## Problem
Copy the listing exactly, images excluded.

## Data below
== Segment start ==

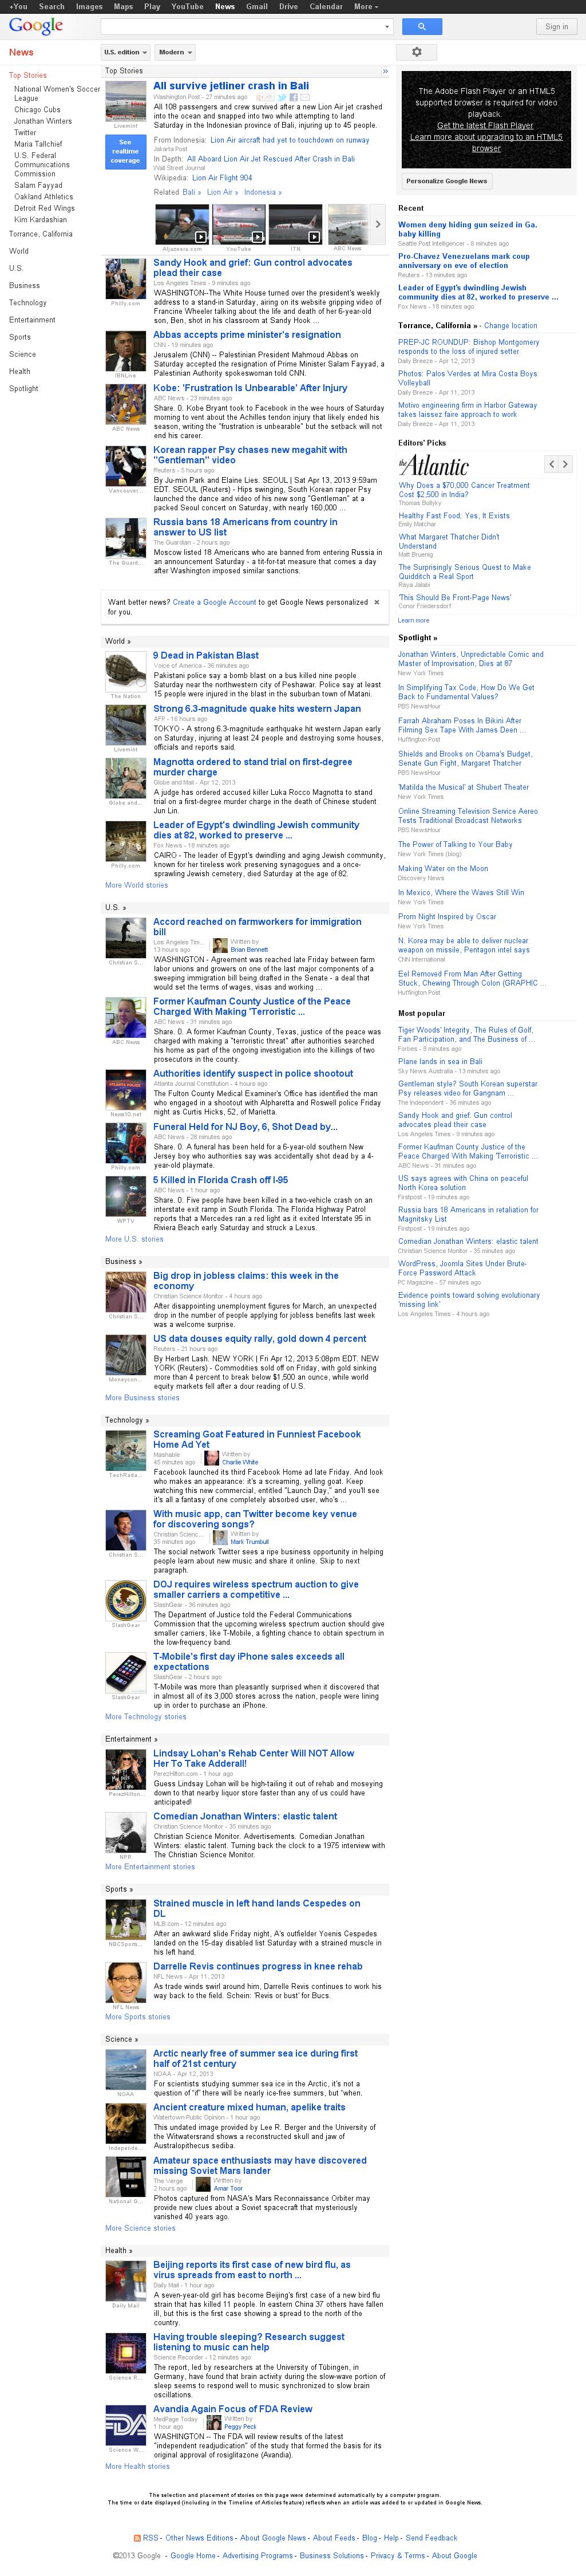 Google News at Saturday April 13, 2013, 7:08 p.m. UTC
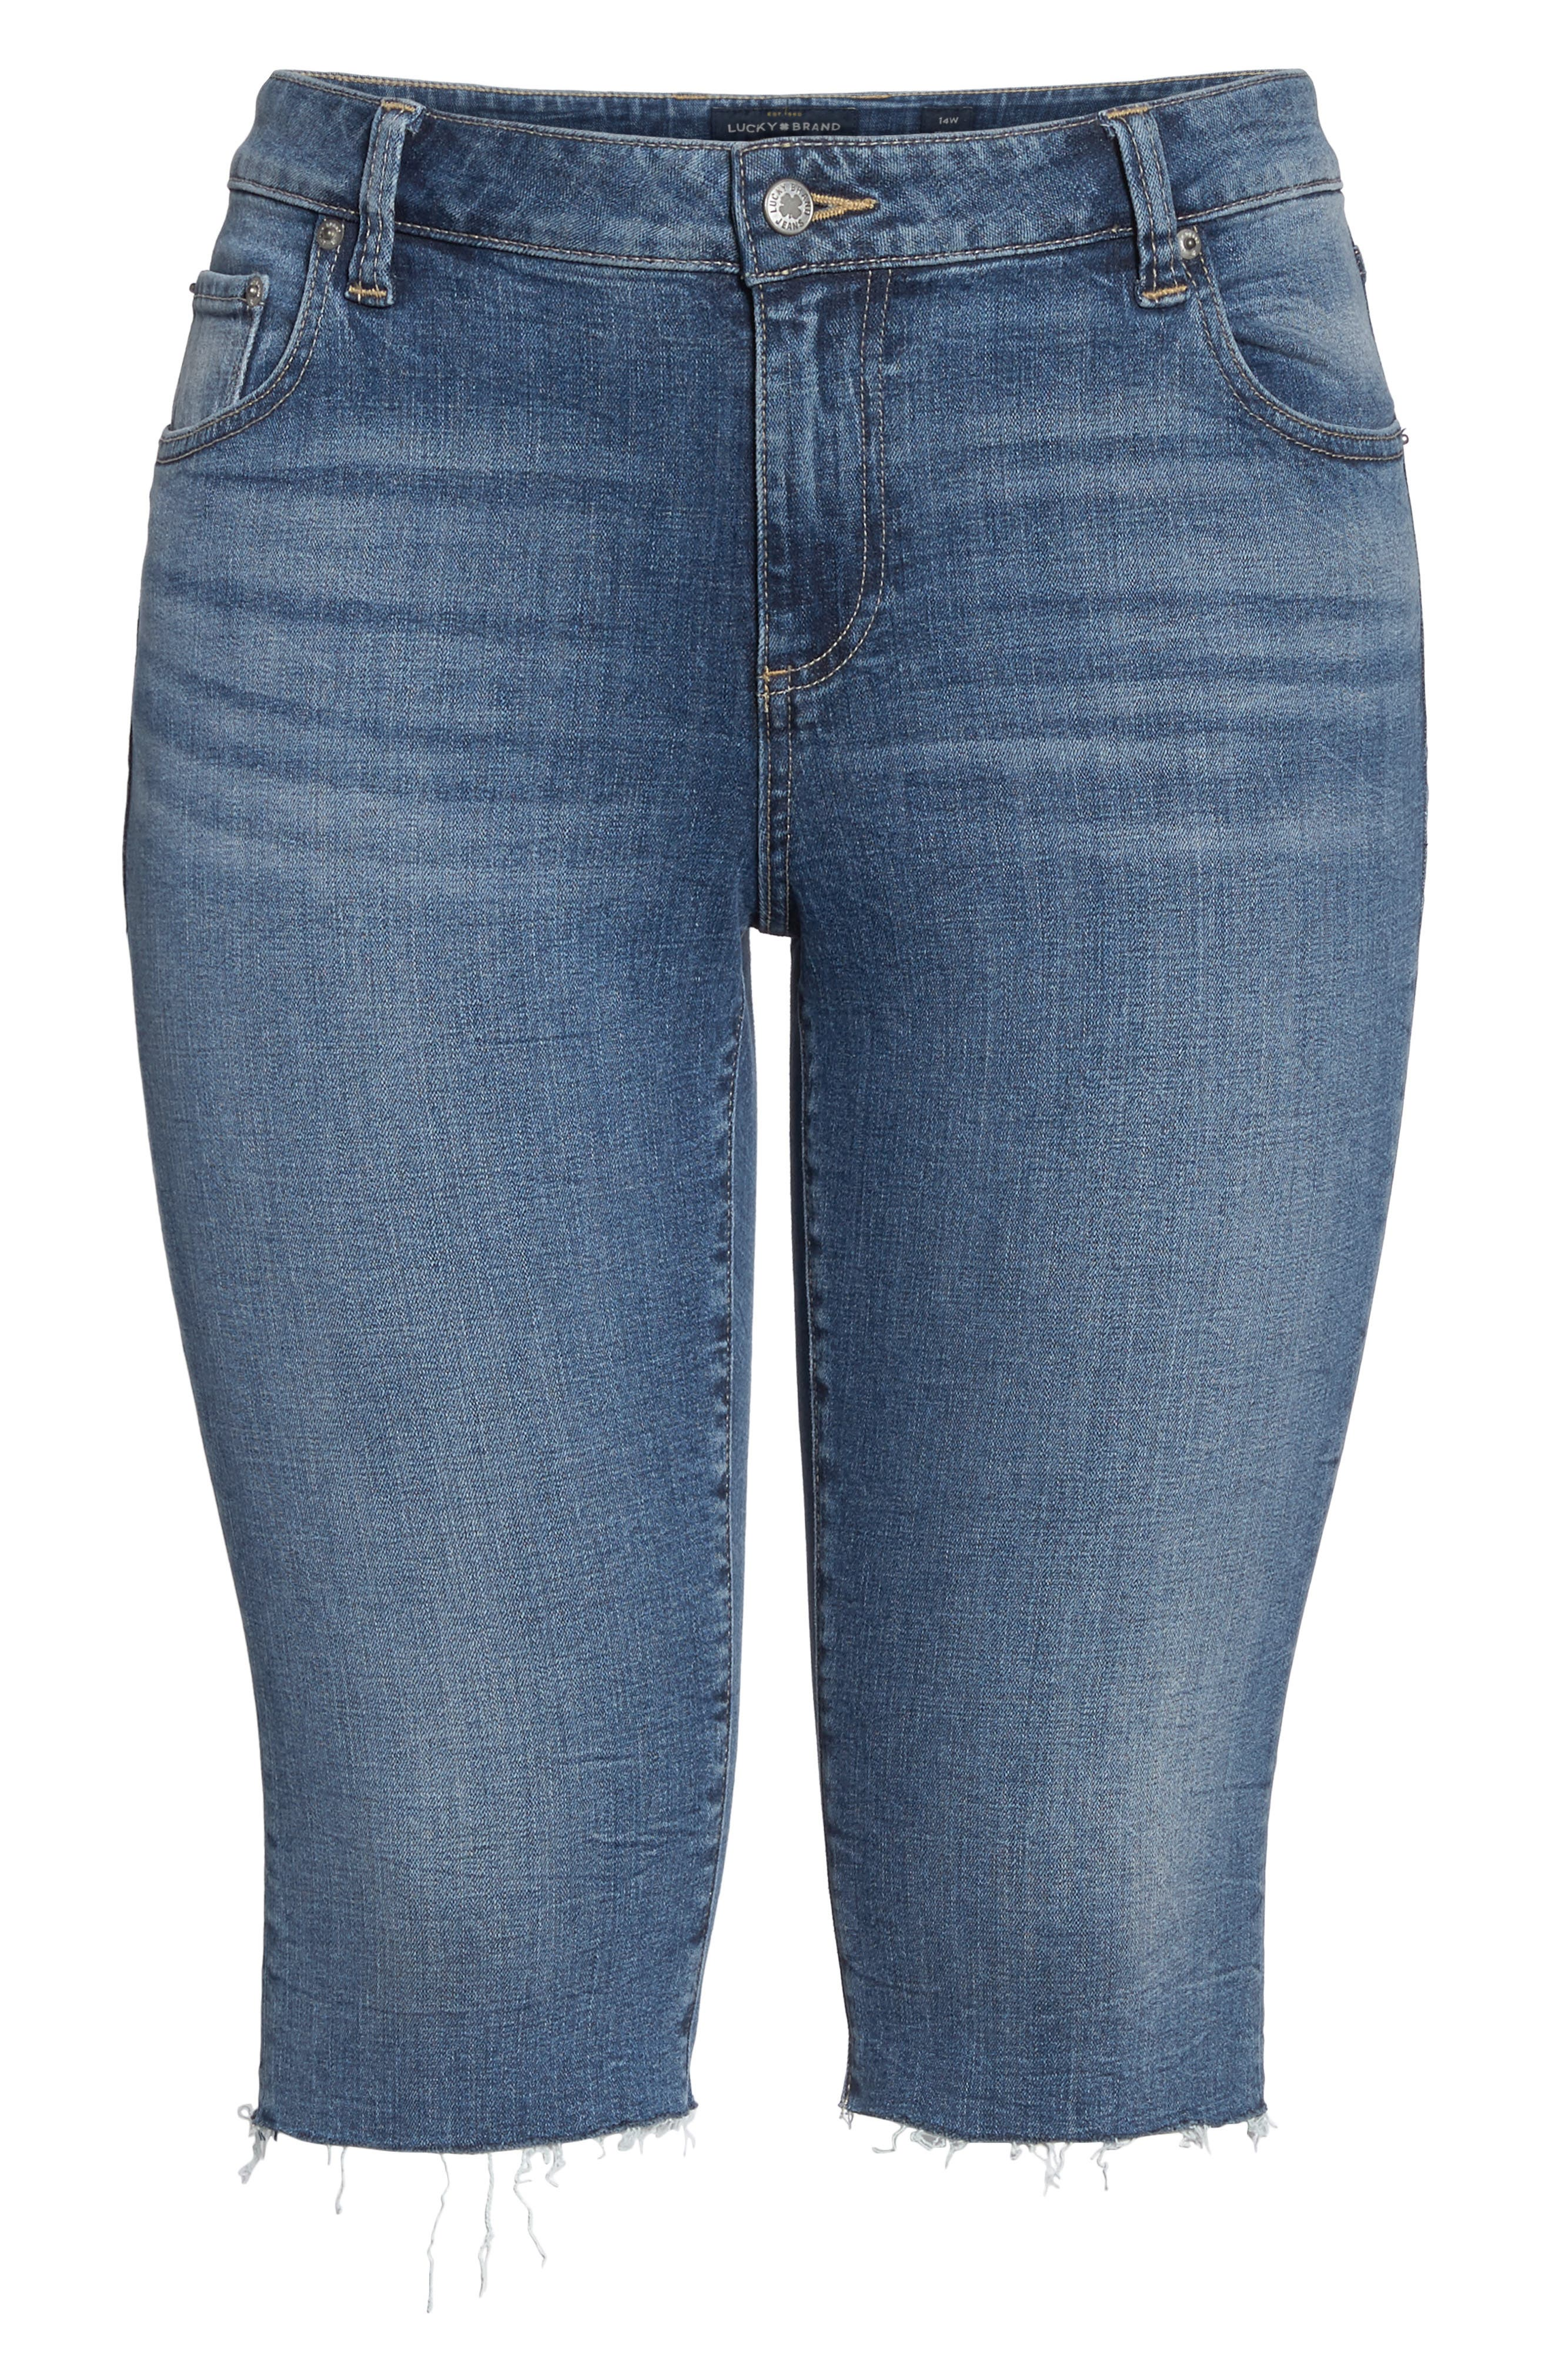 Ginger Bermuda Shorts,                             Alternate thumbnail 6, color,                             430
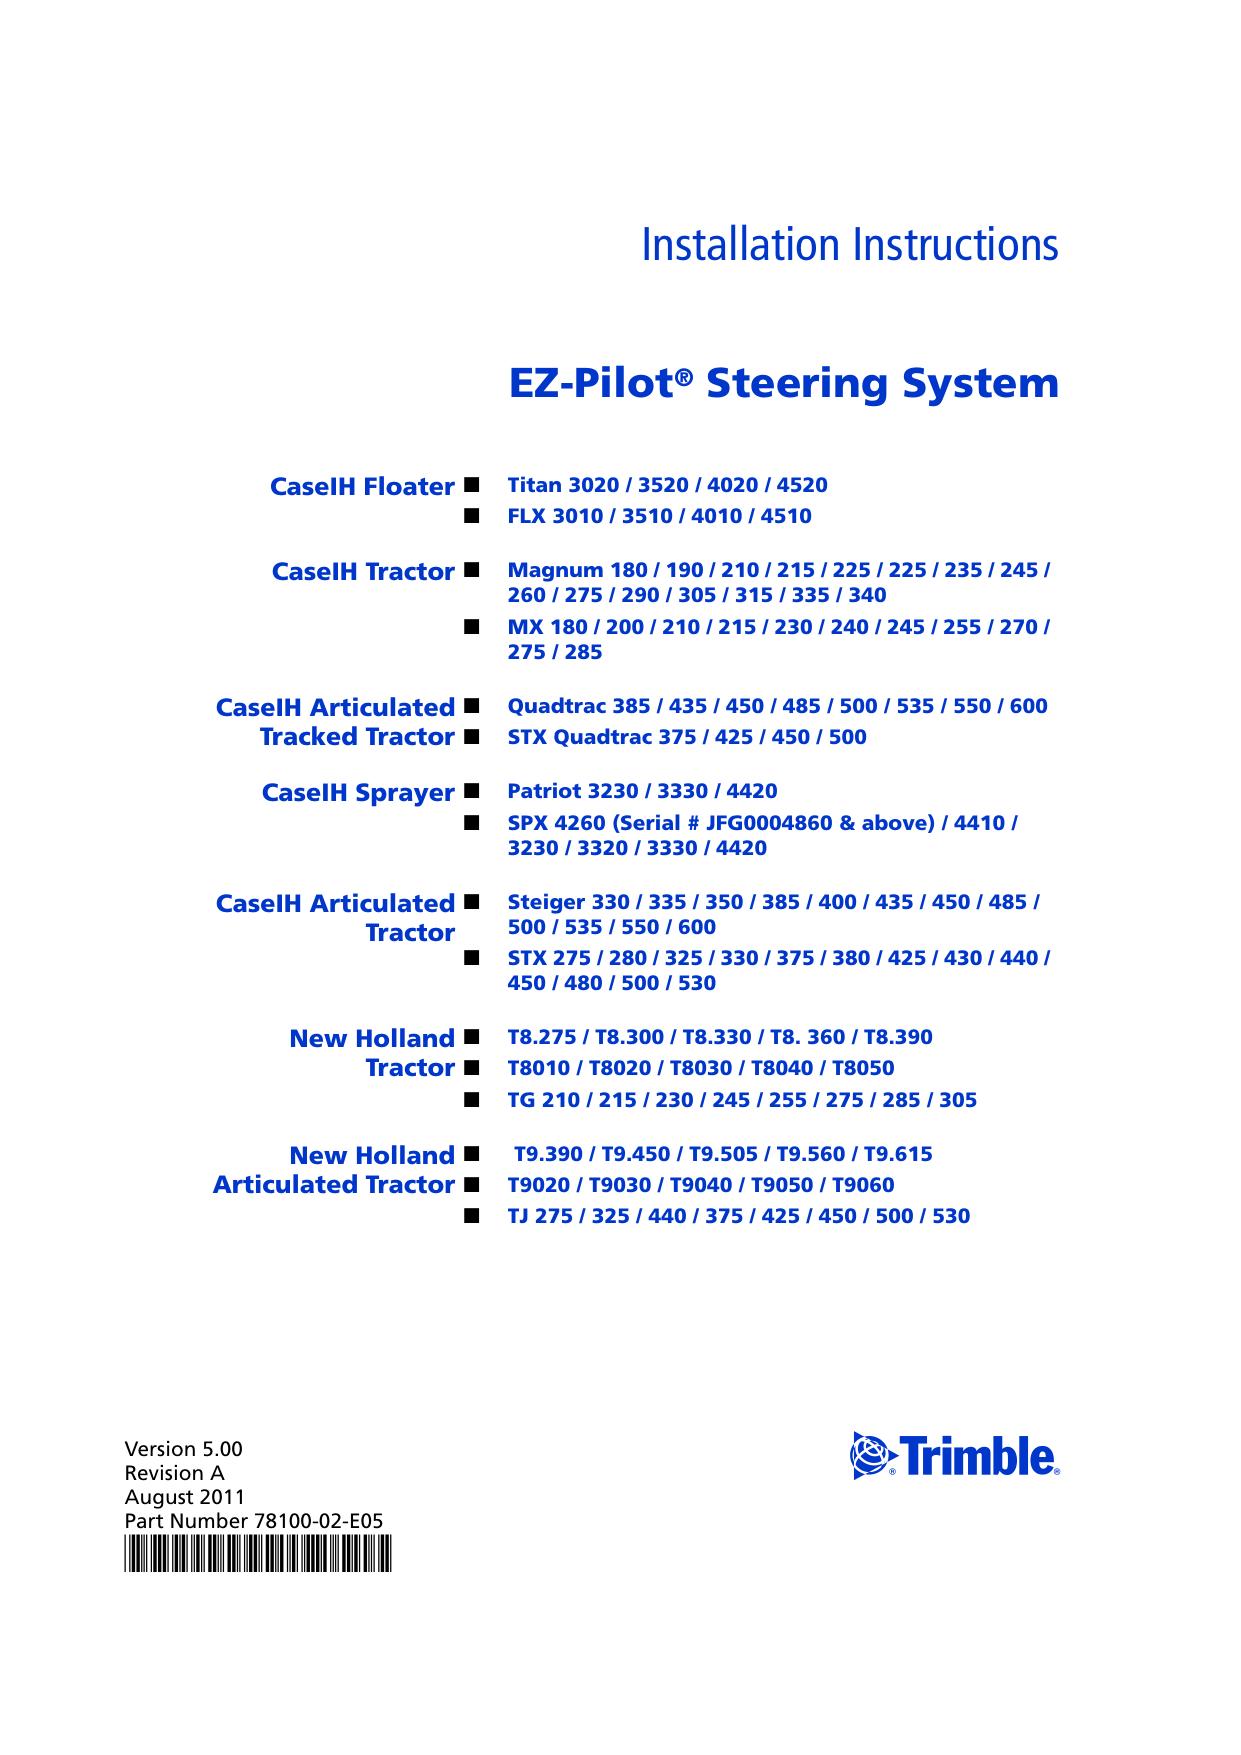 EZ-Pilot Steering System Installation Instructions

== Segment end ==

## Exercise result
 Google News at Saturday April 13, 2013, 7:08 p.m. UTC
 Ginger Bermuda Shorts,                             Alternate thumbnail 6, color,                             430
 EZ-Pilot Steering System Installation Instructions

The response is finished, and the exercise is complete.